He is believed to have lived during the late third and early fourth centuries; Jeffrey Cohen puts his birth at 288 and his death at 328.
[1] The son of High Priest Nethanel III, Baba Rabba was probably born in Kiryat Hagga, now Hajjah, Palestine in the West Bank.
[citation needed] In the early common era, Byzantine rule in Palestine experienced periods of religious fanaticism.
Samaritans were generally ambivalent to Jews, and historically their relationship with their sister Israelites was rough, and occasionally hostile.
Uneager to join the various revolts, they were therefore spared of the Romans' wrath, and following the successive defeats of the Jewish rebellions and the progressive extinction of Jews in Palestine, a vacuum opened in the land that the Samaritans, as well as Ghassanid Arabs, were happy to fill.

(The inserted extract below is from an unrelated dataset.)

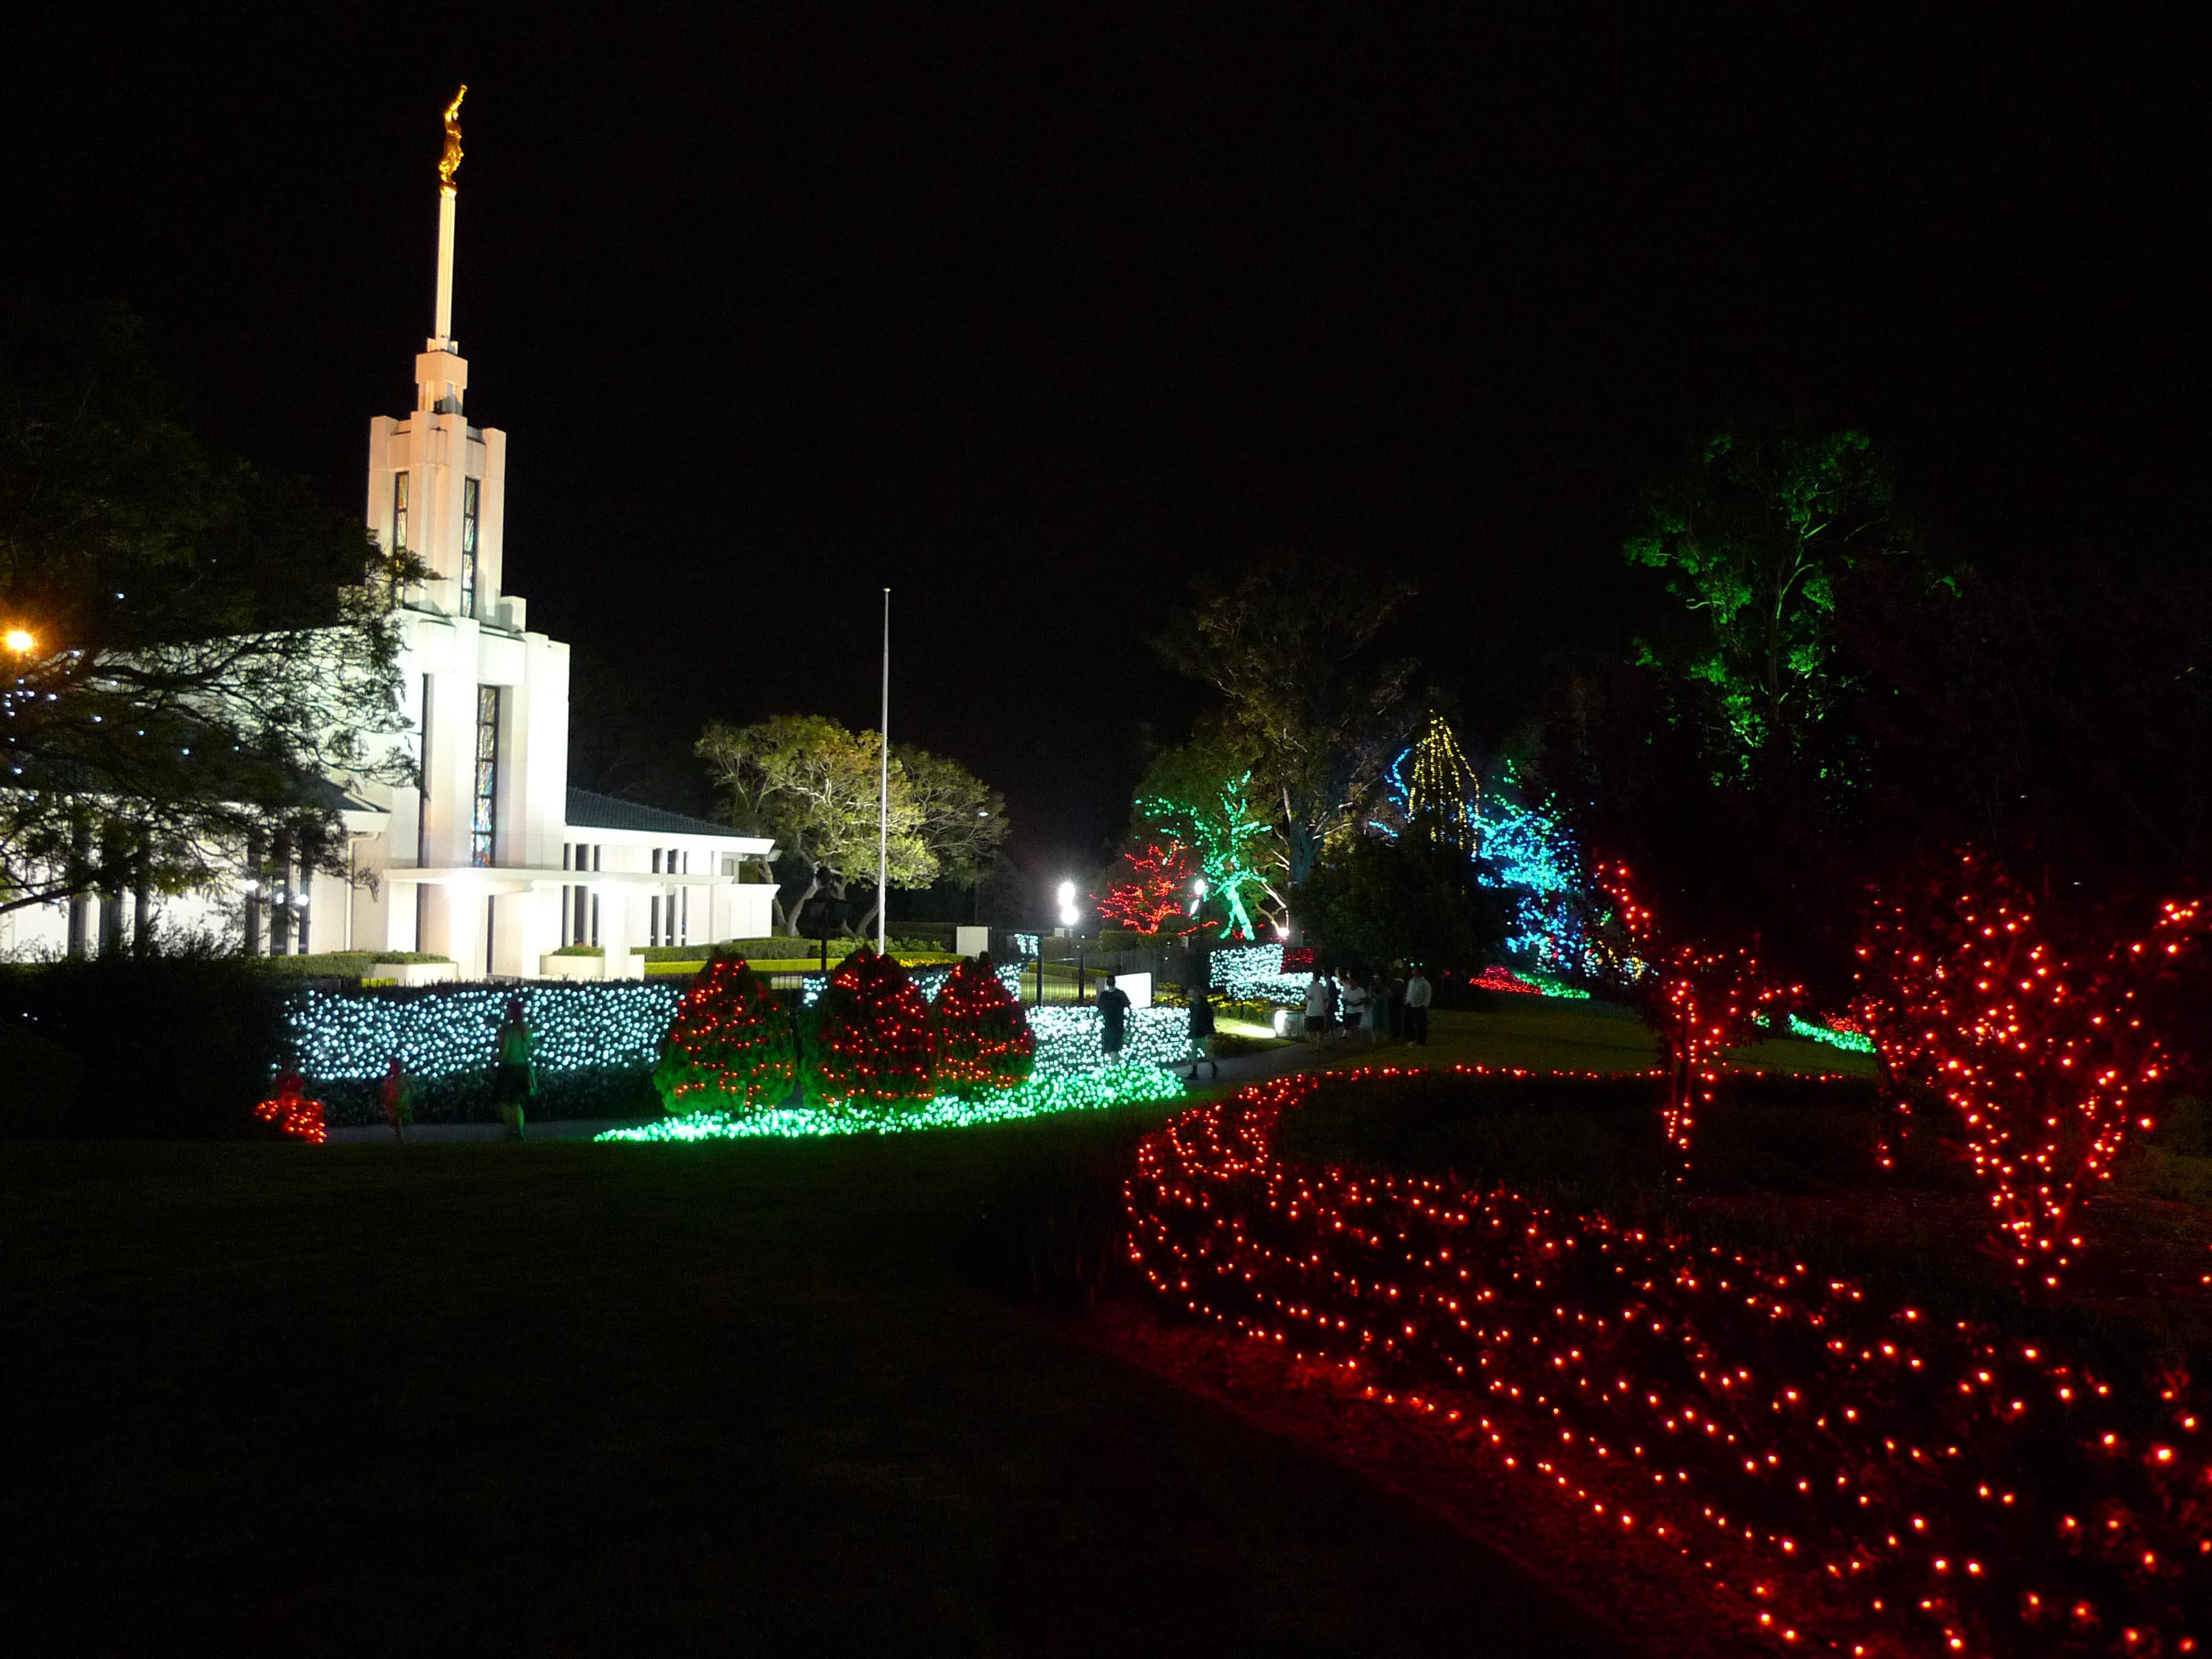 Christmas Lights and the Life of Jesus Christ to Shine Again

In the fourth century CE, Baba Rabba, as the son of the high priest, succeeded his father upon the latter's death and became the de facto leader of the Samaritan community.
He divided Samarian lands into districts, which he then awarded to aristocratic families, executed several reforms, installed state institutions, and codified much of the liturgy Samaritans continue to use today.
And it came to pass, when they had made an end of speaking in the house of Egypt, that the children of Ephraim revolted against the king and his officials, and that they began to serve their gods openly and without mercy; And Baba and his brethren stood up with all the seven ministers and commissioners with their men and their heroes and stood against them and made them a great slain and the rest fled to their souls, and let there be peace in Samaria and her daughters!
In light of these uprisings, the Samaritans and their religion were placed under a harsh scrutiny which they had long eluded, in essence becoming "outlawed."
[citation needed] According to Yitzhak Magen[4] the tradition surrounding Baba Rabba should be seen as an allusion to the "religious renaissance" of the Samaritan community in the 4th century.